Примерно раз в месяц Эллен получала от него письмецо или открытку, но всегда без обратного адреса. Куда бы его ни заносило – Париж, юг Франции, неважно, – он пресекал любую возможность с ним связаться. Он вел себя как последний трус, заслуживающий презрения. Не спрашивай меня, зачем я сохранила эти письма. Их следовало сжечь. Да, именно так. Сжечь все до одного.

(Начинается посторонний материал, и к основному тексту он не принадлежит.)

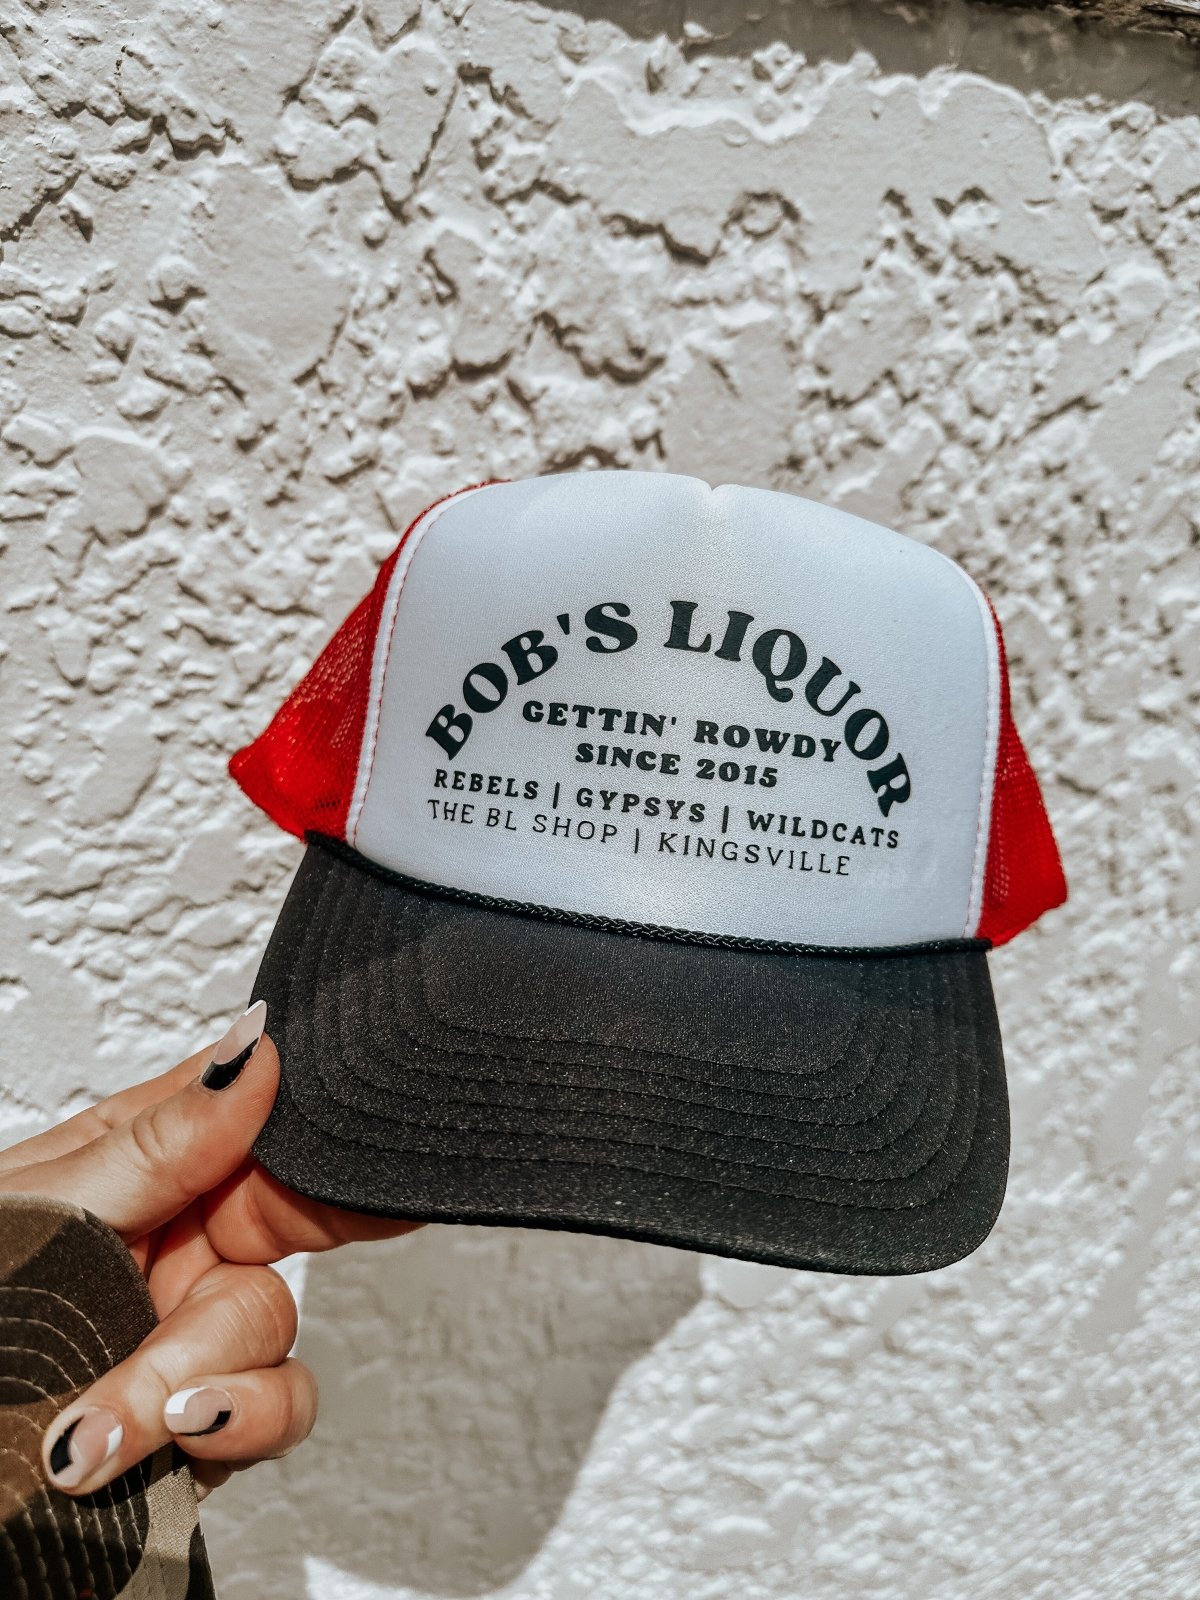 Bob's Liquior Hat - trucker hat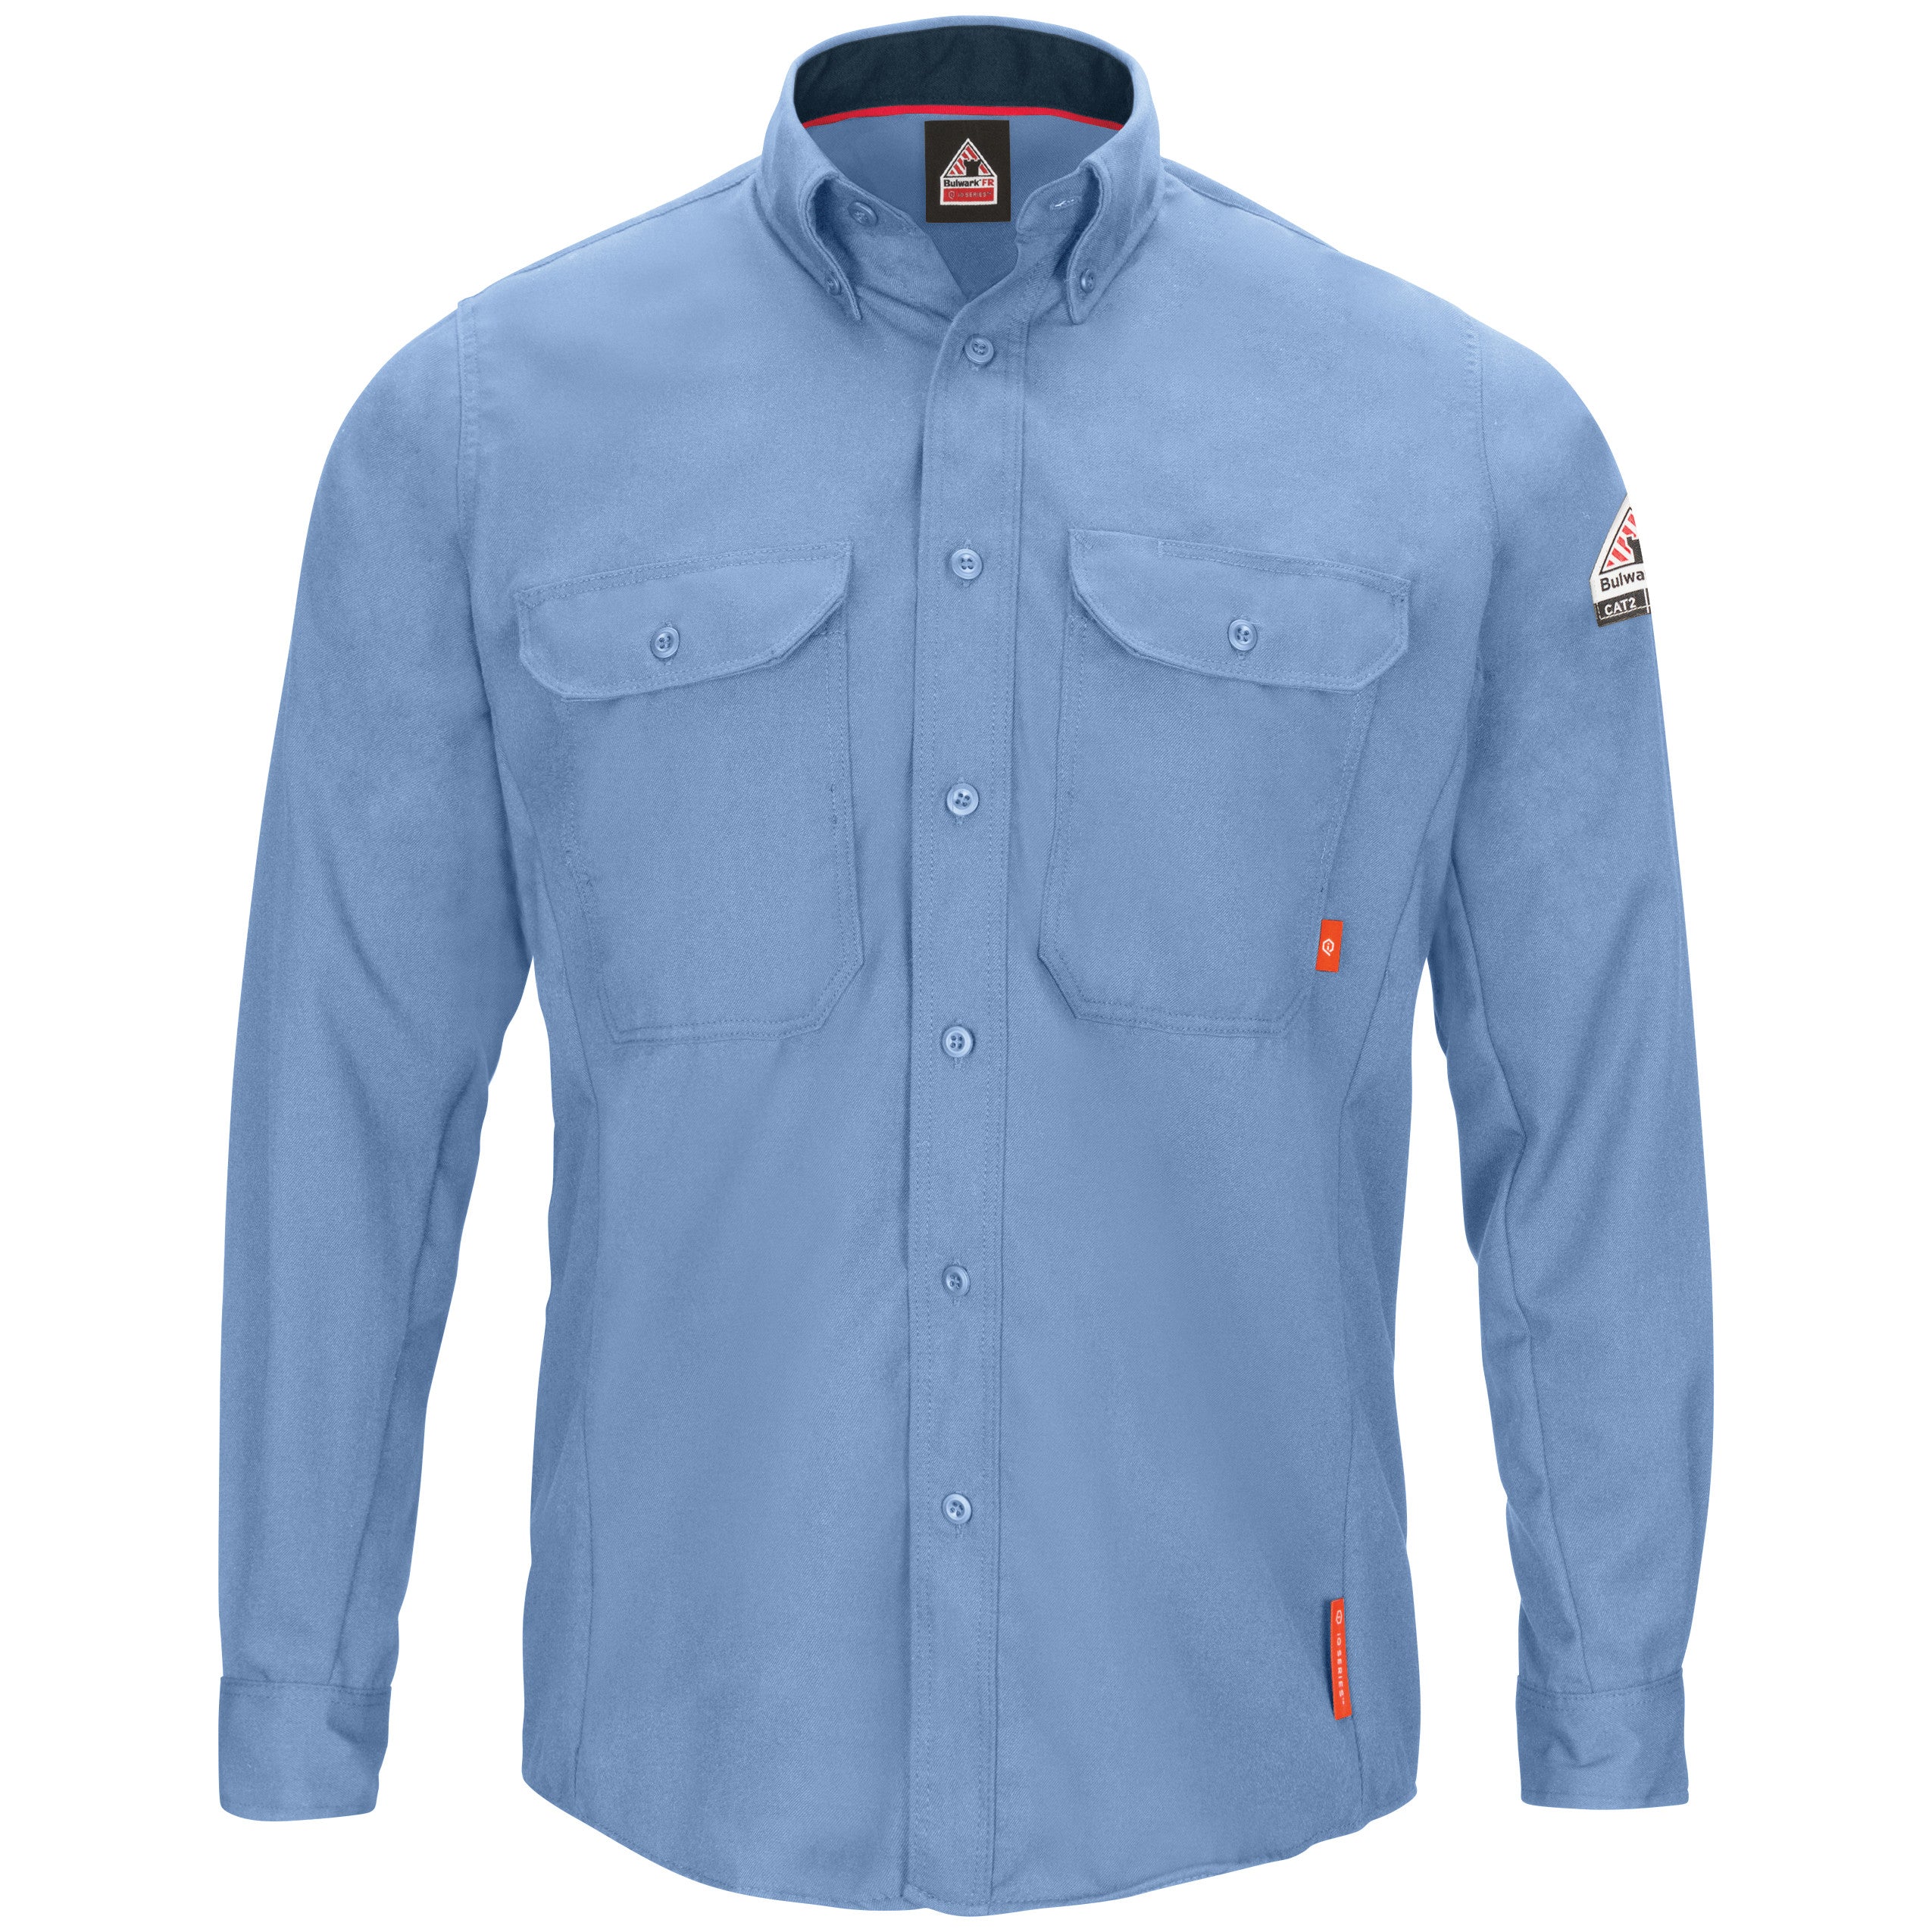 iQ Series® Men's Lightweight Comfort Woven Shirt with Insect Shield QS52 - Light Blue-eSafety Supplies, Inc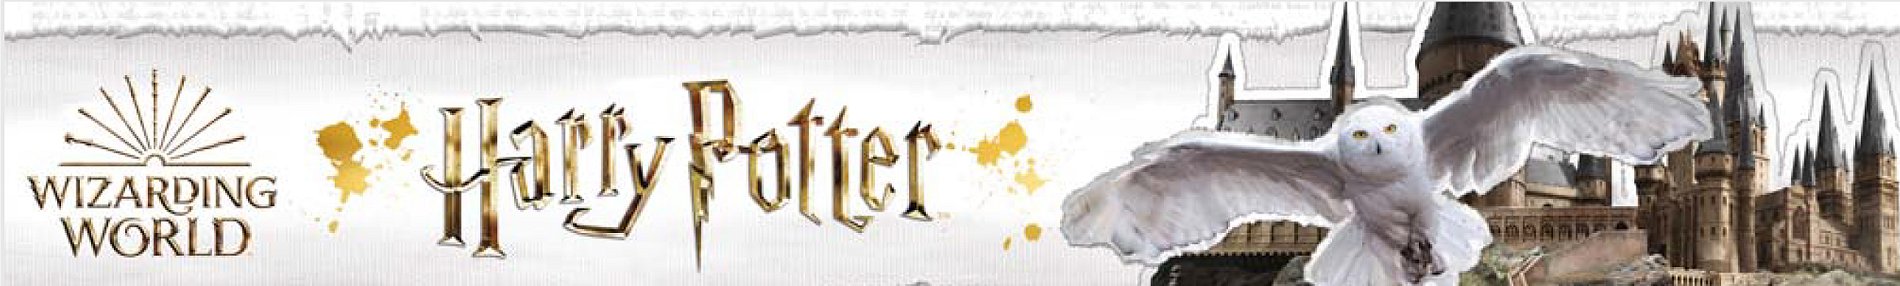 Acheter Harry Potter - Baguette Stylo Harry - Papeterie prix promo neuf et  occasion pas cher

Этот монолог продолжался добрый час. В ее словах ощущалось все больше горечи, сама же речь, до определенного момента достаточно внятная, после очередного бокала вина сделалась почти бессвязной. Ее голос действовал гипнотически. Пока он звучал, я чувствовал себя защищенным, даже неуязвимым. Я слушал ее вполуха, качаясь на модуляциях этого голоса, как на поплавке, плывя по течению этой журчащей речи. Послеполуденный свет играл на блюдцах, на масленке, на зеленых бутылочных боках, по комнате разливалось сияние, и такая воцарилась тишина, что собственная телесная оболочка вдруг показалась мне чем-то инородным. Вот и я так же, пронеслось в голове при виде тающего масла. С этим надо кончать, говорил я себе, не то ситуация совсем выйдет из-под контроля. Но я так ничего и не сделал, да, скорее всего, и не мог.